Spettacolo di Mauro Tetti
Vincitore del Premio di Drammaturgia "Francesco Masala per i Giovani"
ATTRIBUZIONE PRIMO PREMIO
"Il candidato ha dimostrato sicurezza nell'intercettare una forma fonologica di tipo trenodico di antica memoria (il lamento del lutto), di cui riproduce i ritmi formulari. D'altra parte attinge ad una tradizione narrativo-rappresentativa della letteratura sarda e alla forza di altri codici, come quello cinematografico. Si rileva il tentativo, sul piano dell'elocuzione, di fornire al monologo un ritmo da prosa d'arte, che si avvale della ripetitività e del rilancio, e di trasferire in italiano le movenze della sintassi della lingua sarda."
Note sullo spettacolo
È un monologo crudo, sporco, diretto. Ha dentro tutta la potenza e l'universalità di un grido e come tale le parole non chiedono il permesso di irrompere con la loro crudezza.

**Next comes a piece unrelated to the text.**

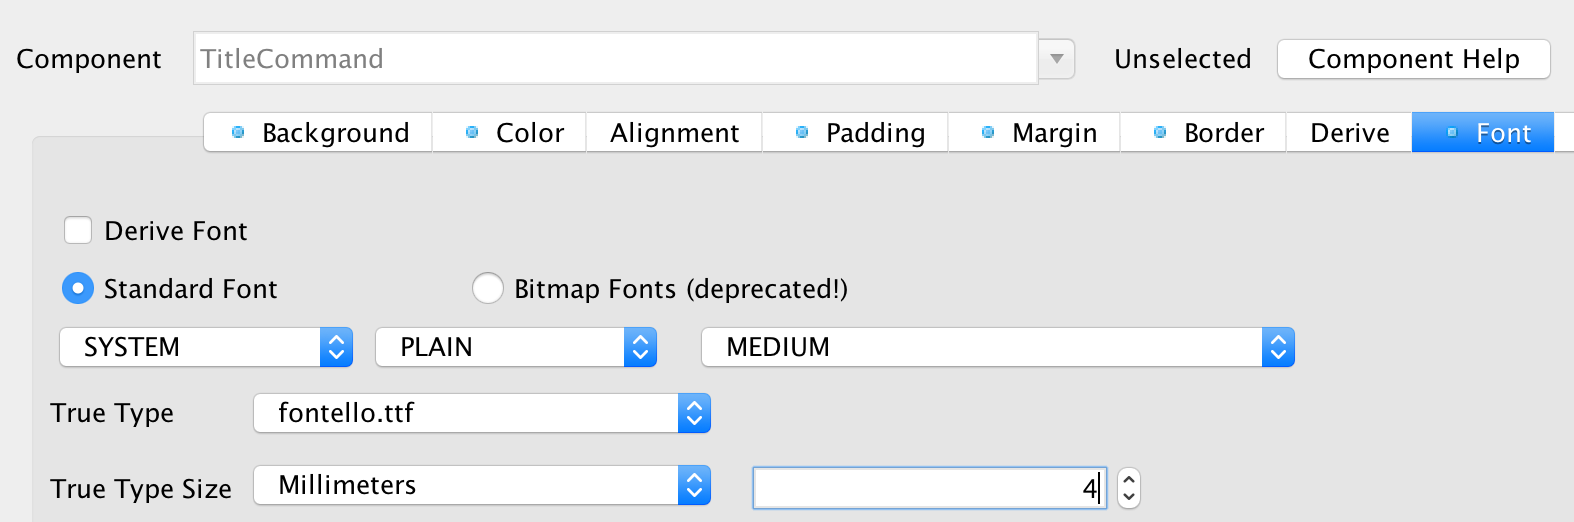 Using styles for icon fonts is the best way to define icon fonts

Gridano una storia come tante, ai margini della società, dove i protagonisti sono ragazzi anch'essi come tanti, gettati nella voragine tragica dell'ingiustizia, sommersi dall'incapacità di cercare un altro "modo" possibile.
La storia non stupisce, non è spettacolarizzata, non vuole insegnare o suggerire, vuole semmai essere, mostrarsi, anche se sotto la "luce finta" di un tempo teatrale.
Anzi, la forza di Adynaton sta proprio nella sua "innocenza" teatrale: cercare nella finzione scenica il luogo di un possibile compianto, l'elaborazione di un lutto. Allora, metterne a nudo questa finzione, scarnificando la scena e l'apparato teatrale, significa ricondurre il gioco mimetico al suo più intimo campo di battaglia: il corpo dell'attore, con la sua verità "esposta".
Questo in Adynaton si chiede allo spettatore: riconoscere nel timbro della voce, nel tendine del piede, nello sputo e nella contrazione muscolare del performer l'adynaton di un'impossibile commozione empatica.
Tutta l'opera mira a questo: condividere con il "giusto" attore un "giusto" percorso drammaturgico e costruire attorno al suo "giusto" corpo, una possibile immaginaria motivazione di "giustizia" estetica.